Madison and I met in ninth grade when I complimented her pink Todd Oldham faux-fur vest. We became fast friends over shopping trips and our shared hatred of the pressures of high school. Three years later, she ended our friendship in a cryptic email. Madison wrote that she had been depressed, had recently started taking medication and wanted to "branch out": "Call it selfish, but it's something that I need to do, I can't be held back any longer." Who was this person, and why did she sound like a therapist? Madison told a mutual friend that I embarrassed her.

If Madison wanted to make new friends, that was fine with me, but the breakup felt cruel and unwarranted. I had been a loyal and supportive friend. Why didn't she feel that she could talk to me about her issues? I felt heartbroken, but also angry. I didn't deserve this. Within weeks, Madison found a new group of friends and ignored me in the halls at school. I secretly willed her to trip as she walked past me.

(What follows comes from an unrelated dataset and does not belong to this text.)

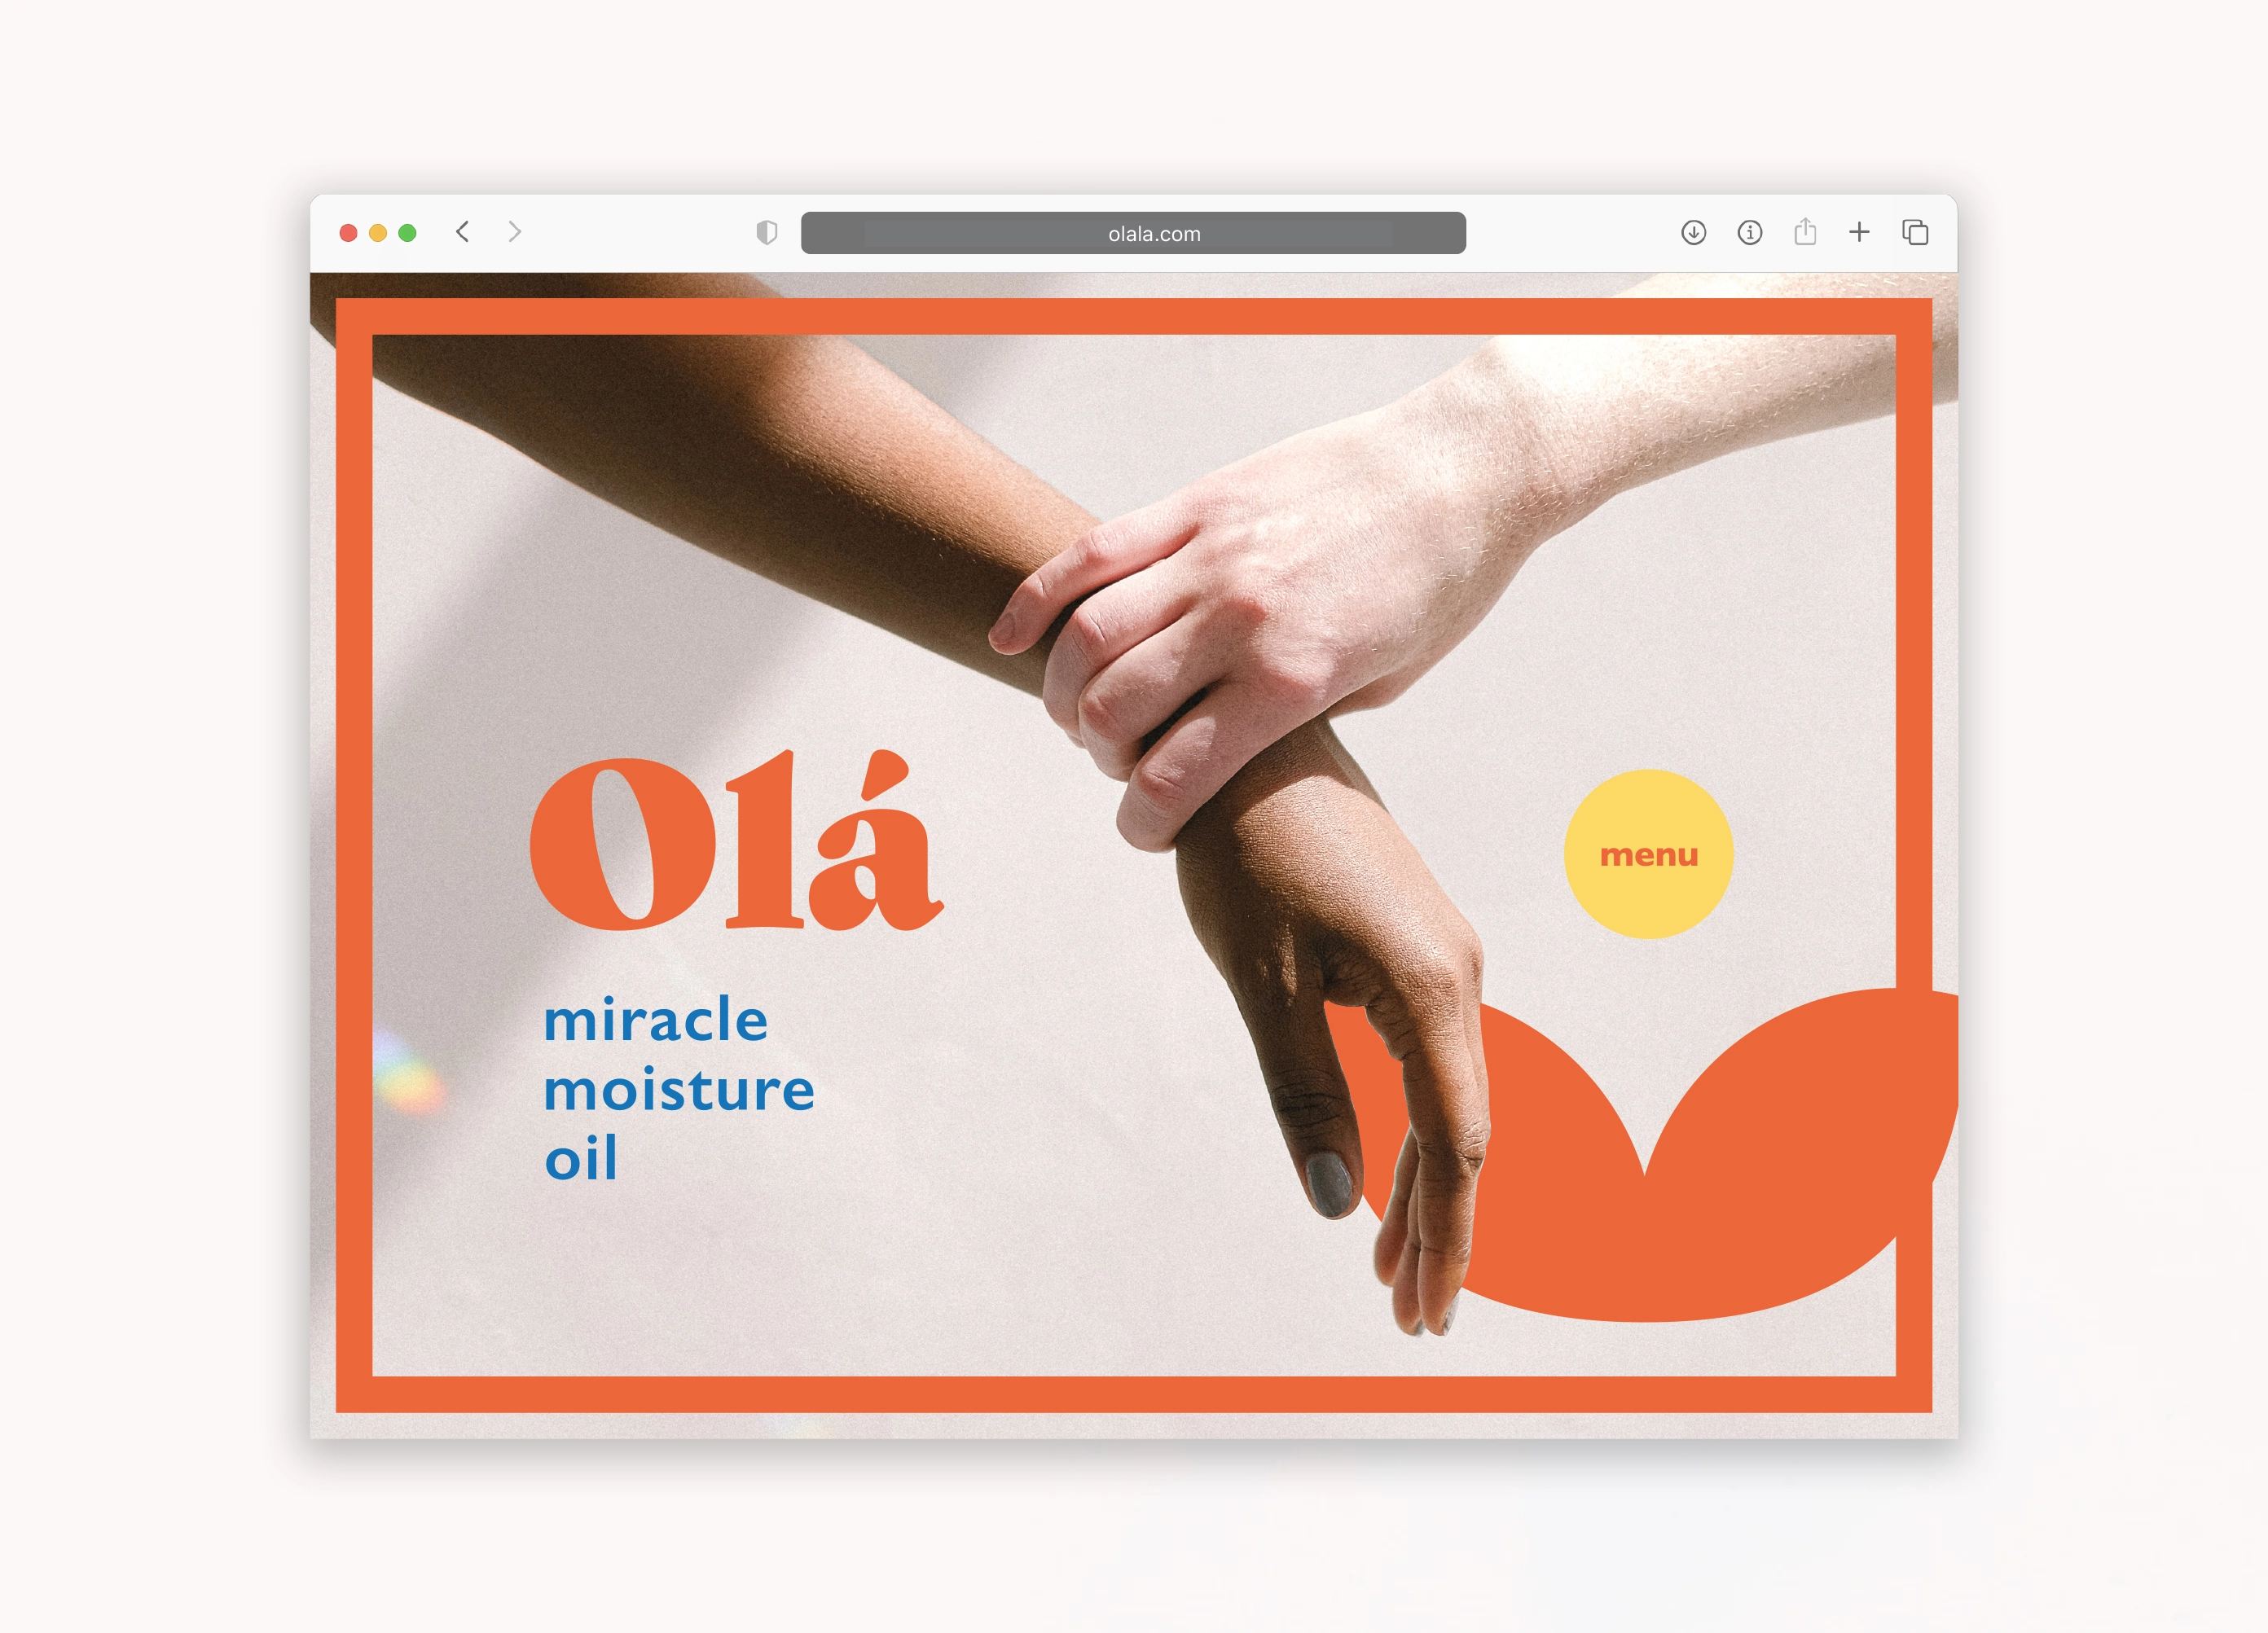 a web browser shows the homepage for the Ola Oil website

Several years later, though, I found myself in her shoes. I had become close friends with a girl named Tai*, but I did not want to be. She had lied to me several times and had changed for the worse since we became friends. I didn't feel I could trust her and knew that she was a negative influence in my life.

I was hesitant to unfriend Tai because I suspected she didn't have many other friends and I didn't want to hurt her like Madison had hurt me. At the same time, I had to think about myself. Didn't I deserve to have trustworthy friends? And if the situation were reversed, would I want to be friends with someone who only stuck around because she felt sorry for me?

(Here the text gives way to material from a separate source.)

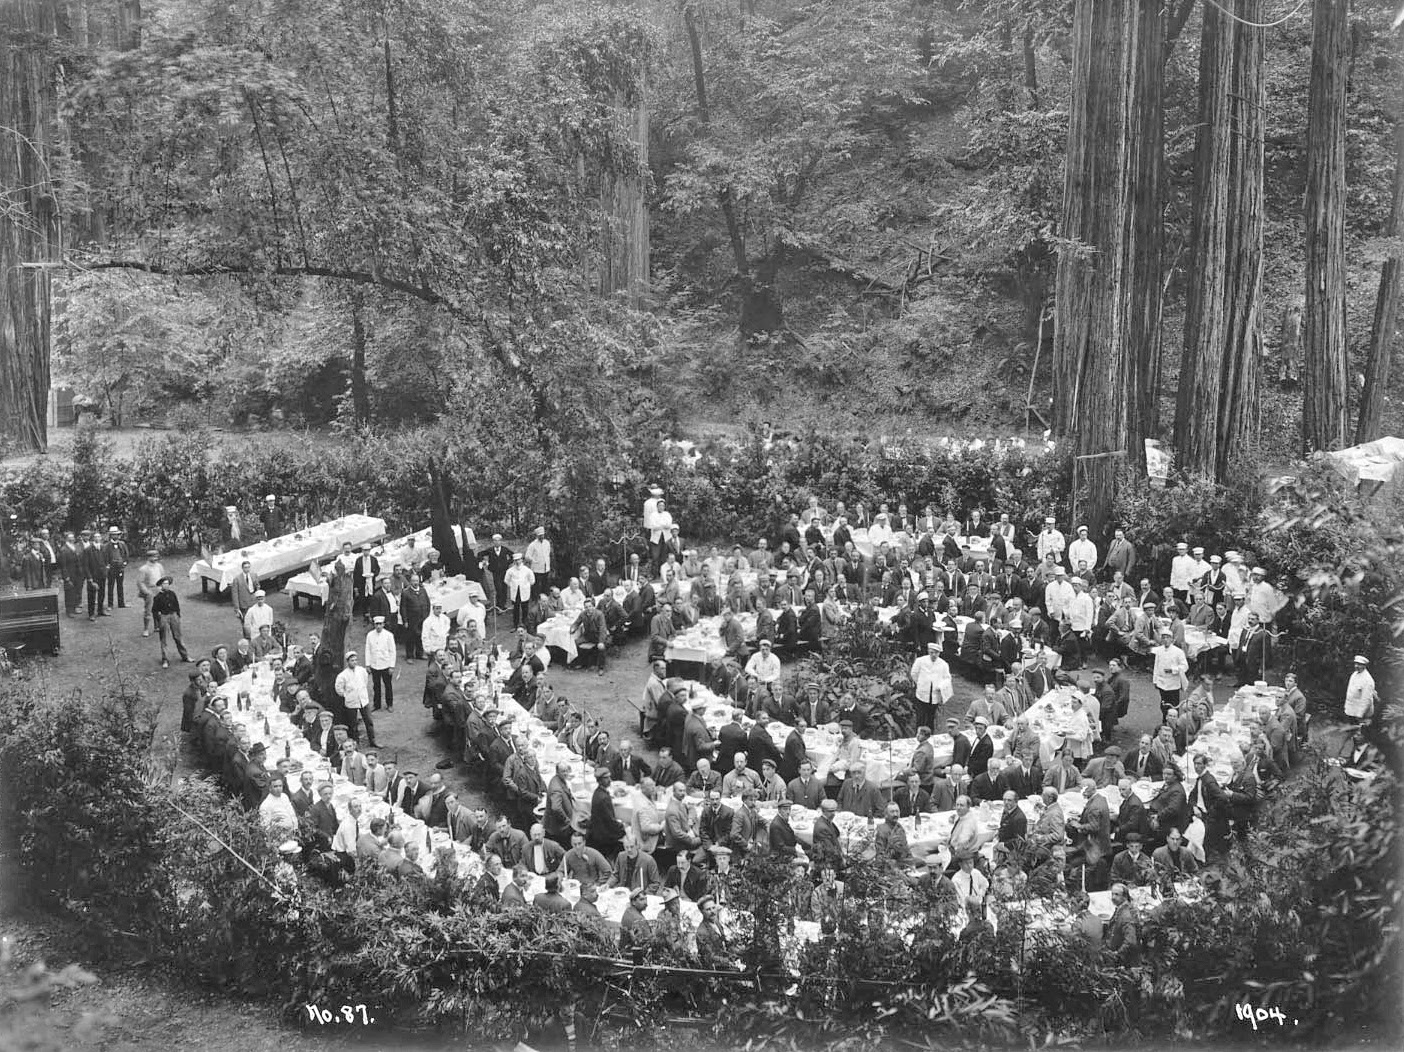 Bohemian Grove Goes On, but Days of Protest Fade - The New

The sting of being unfriended by Madison never completely went away, but I'm grateful that she was at least somewhat honest with me. It took several friends lost and gained to realize that Madison had in fact done me a favor. That year I started hanging out with the the two girls I still count as close friends today. I can talk to them about anything and I feel free to be myself, and I never felt that way about Madison.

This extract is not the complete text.